The data:
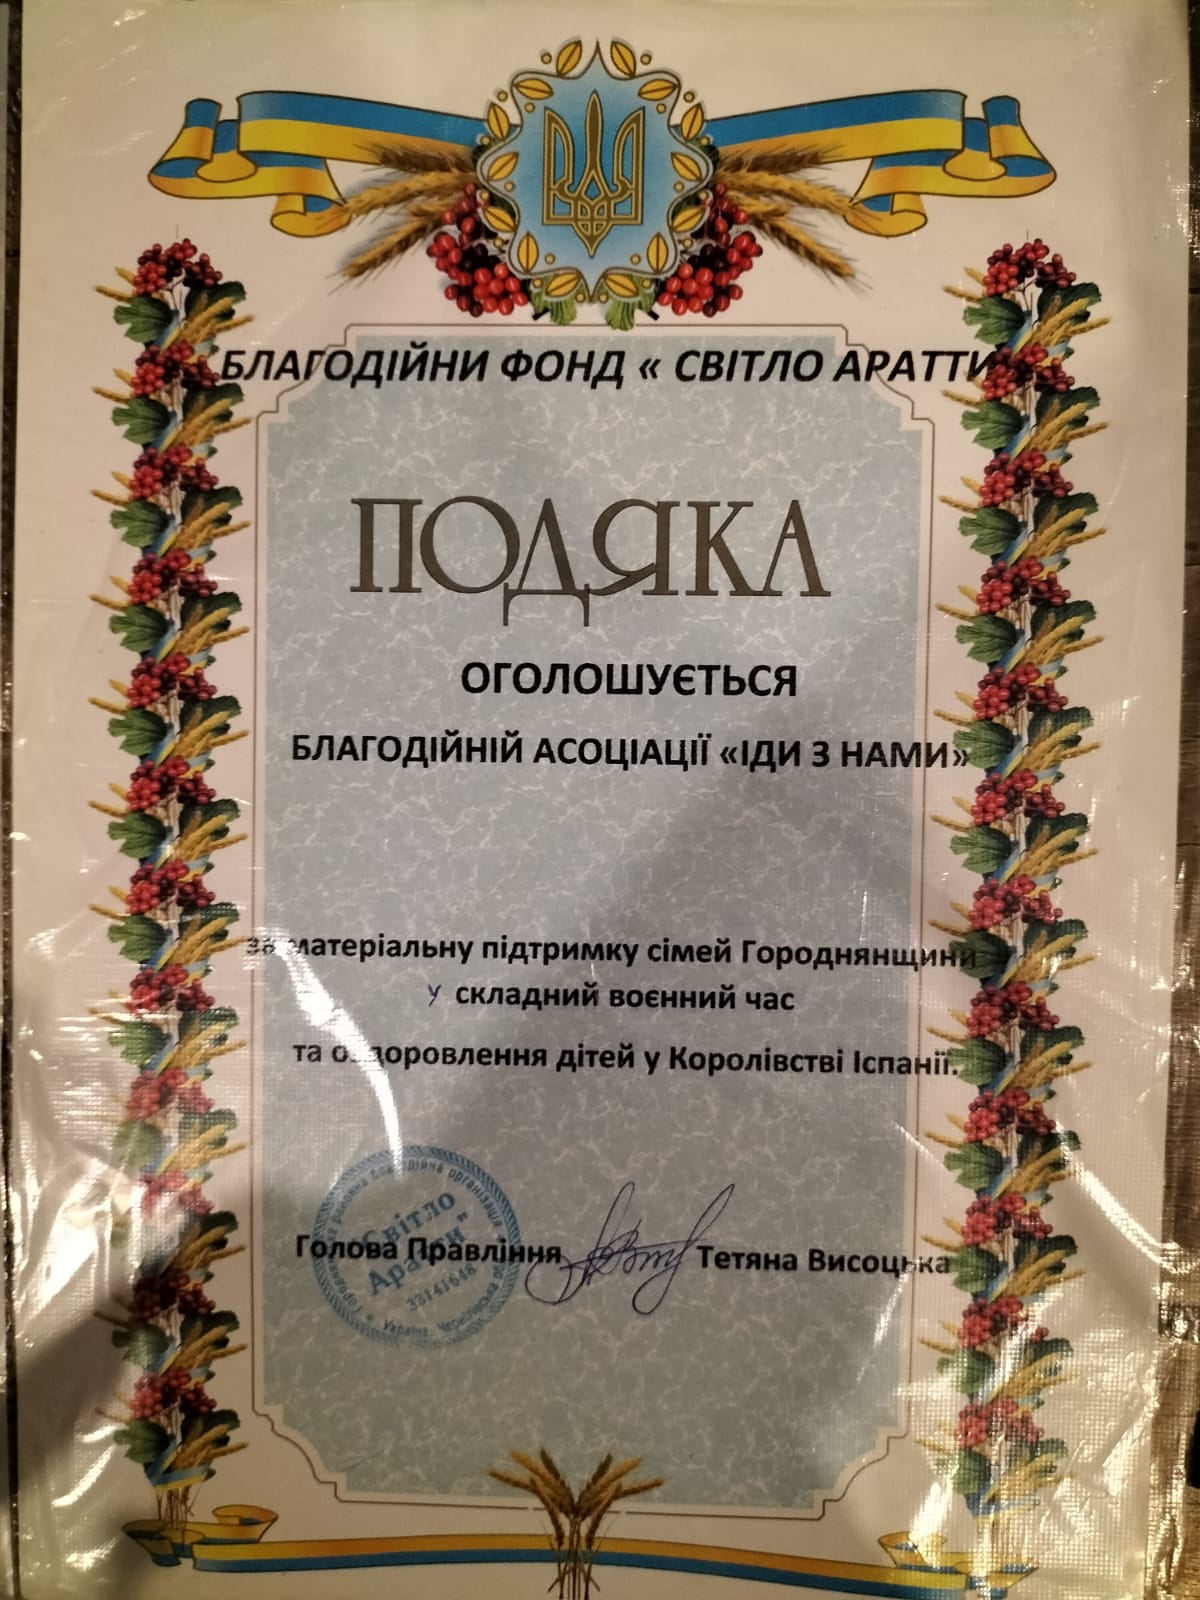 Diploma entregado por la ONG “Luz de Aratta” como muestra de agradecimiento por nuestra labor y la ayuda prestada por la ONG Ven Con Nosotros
---
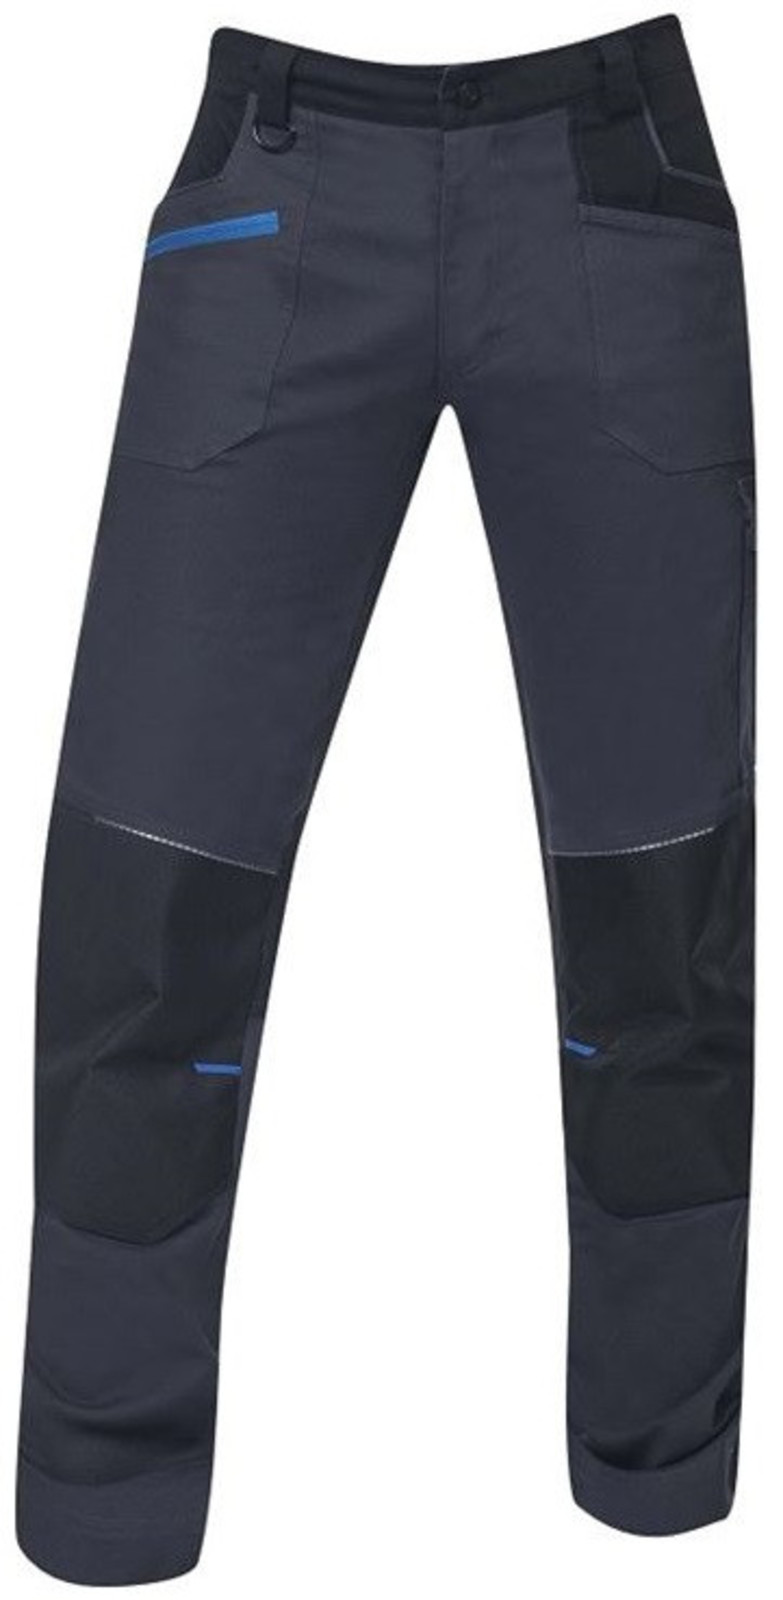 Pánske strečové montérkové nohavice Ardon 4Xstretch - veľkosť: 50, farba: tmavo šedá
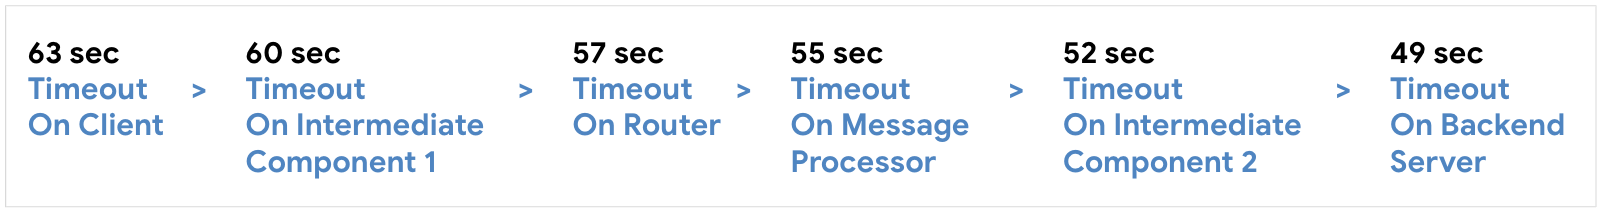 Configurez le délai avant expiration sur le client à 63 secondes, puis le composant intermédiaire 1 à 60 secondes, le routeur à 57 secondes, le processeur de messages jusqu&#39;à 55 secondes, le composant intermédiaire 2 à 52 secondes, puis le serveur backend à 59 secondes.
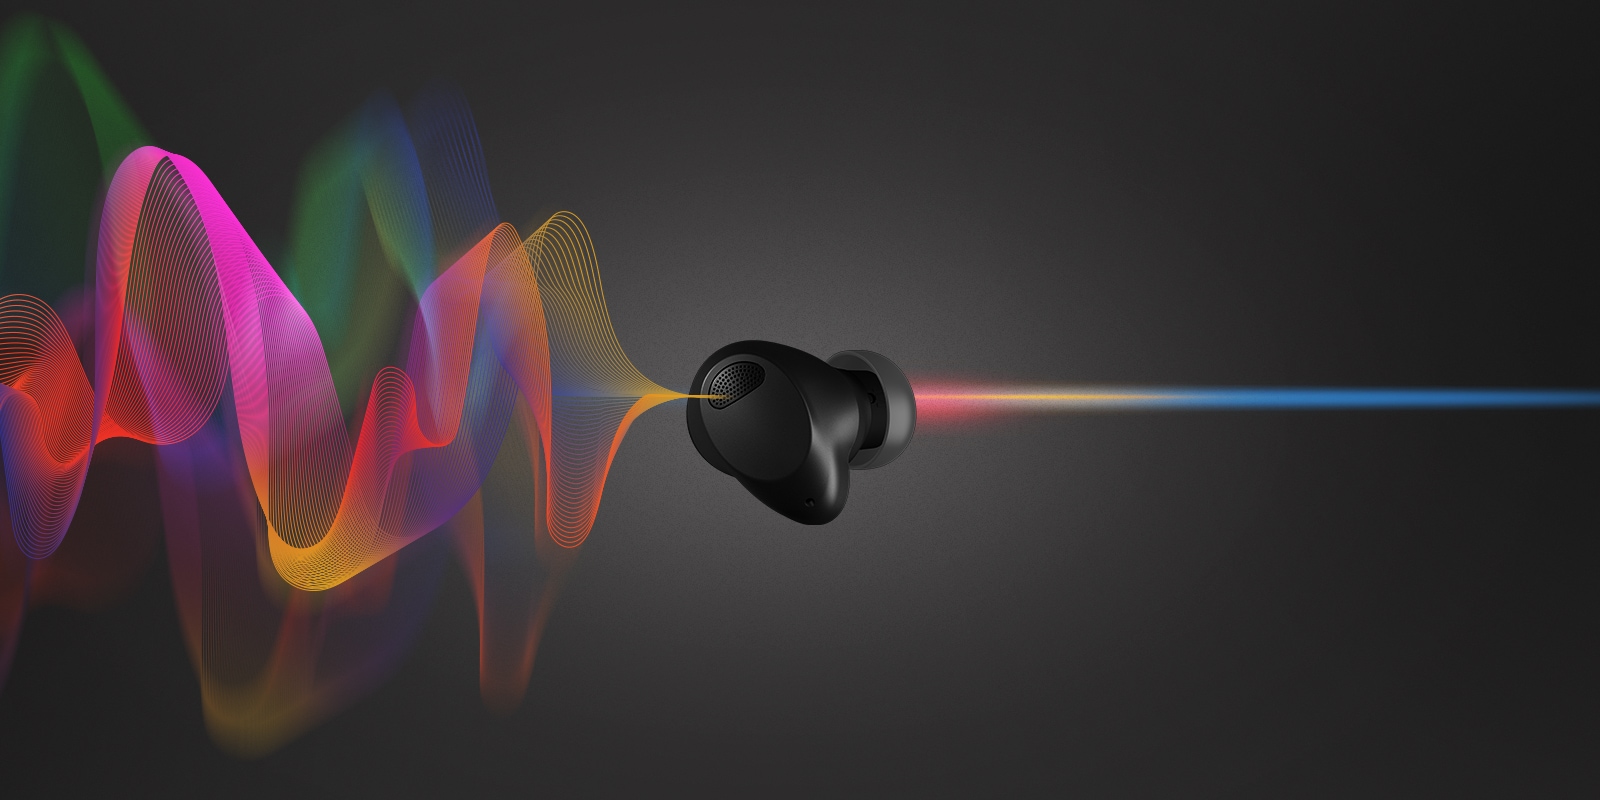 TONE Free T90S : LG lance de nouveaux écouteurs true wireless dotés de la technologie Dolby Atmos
...
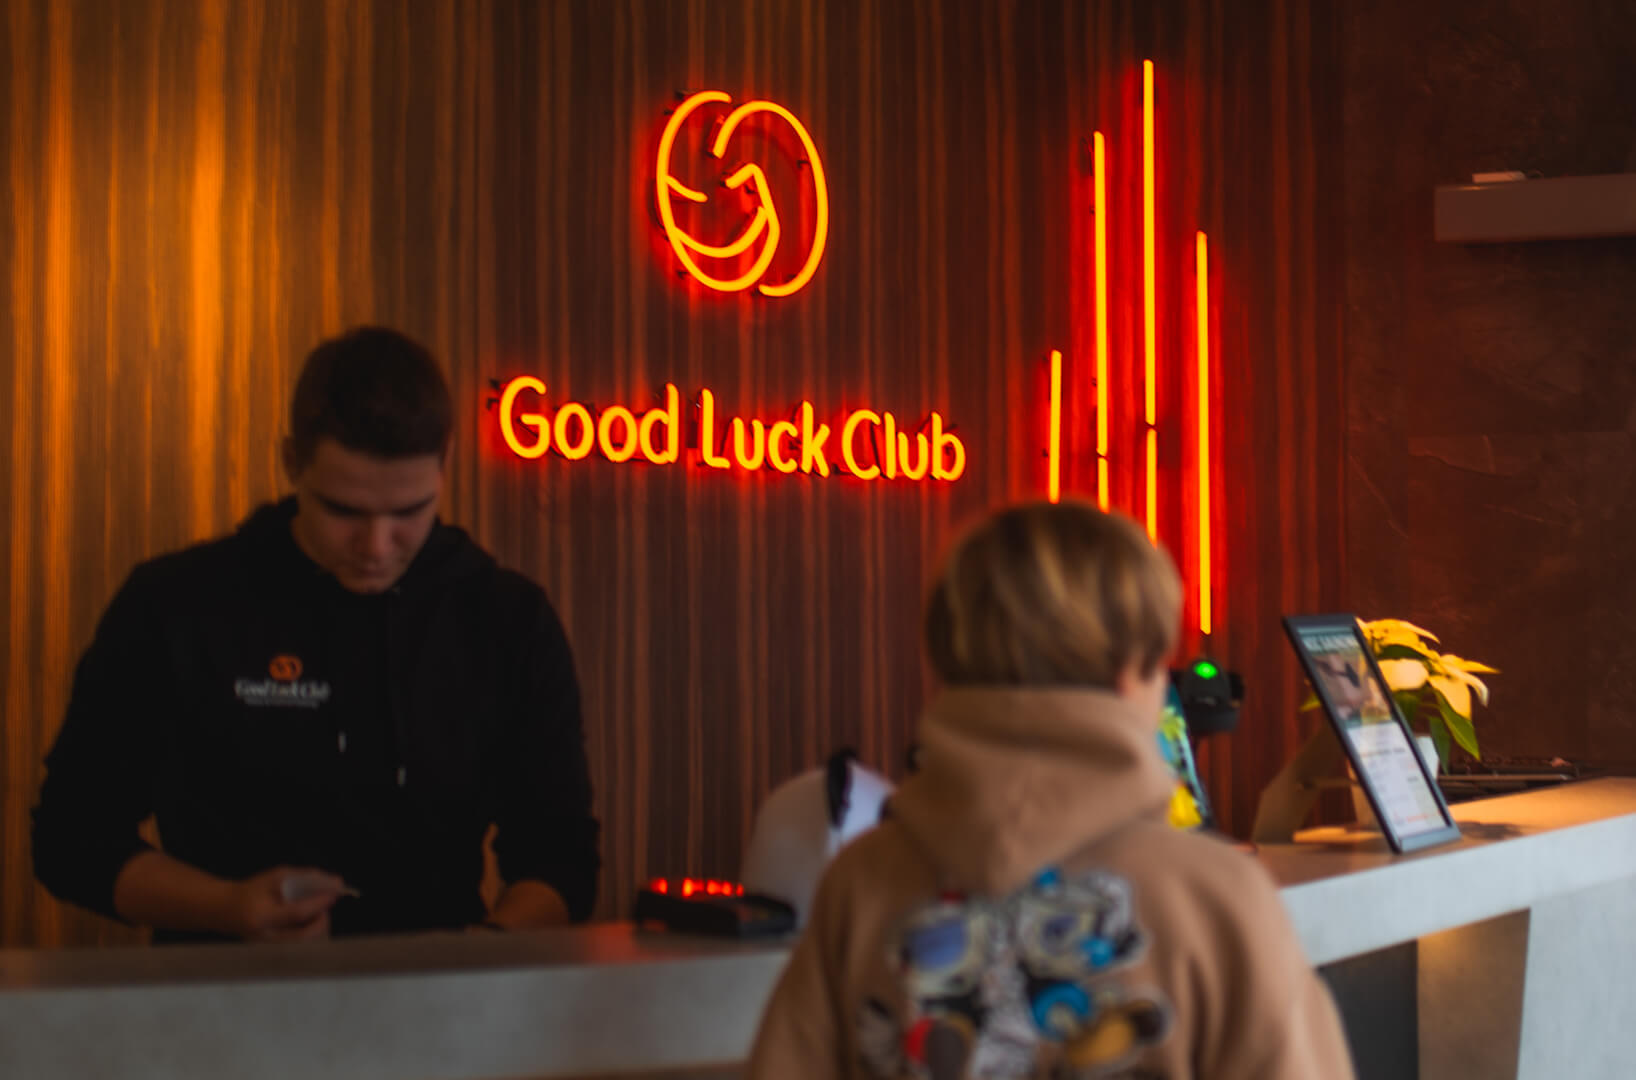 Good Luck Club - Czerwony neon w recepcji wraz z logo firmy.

Prompt: For this task, return exactly the stretch of the listing above from the line with "Configurez le délai" through the line with "TONE Free T90S", inclusive and without pictures.

Task output:
 Configurez le délai avant expiration sur le client à 63 secondes, puis le composant intermédiaire 1 à 60 secondes, le routeur à 57 secondes, le processeur de messages jusqu&#39;à 55 secondes, le composant intermédiaire 2 à 52 secondes, puis le serveur backend à 59 secondes.
 TONE Free T90S : LG lance de nouveaux écouteurs true wireless dotés de la technologie Dolby Atmos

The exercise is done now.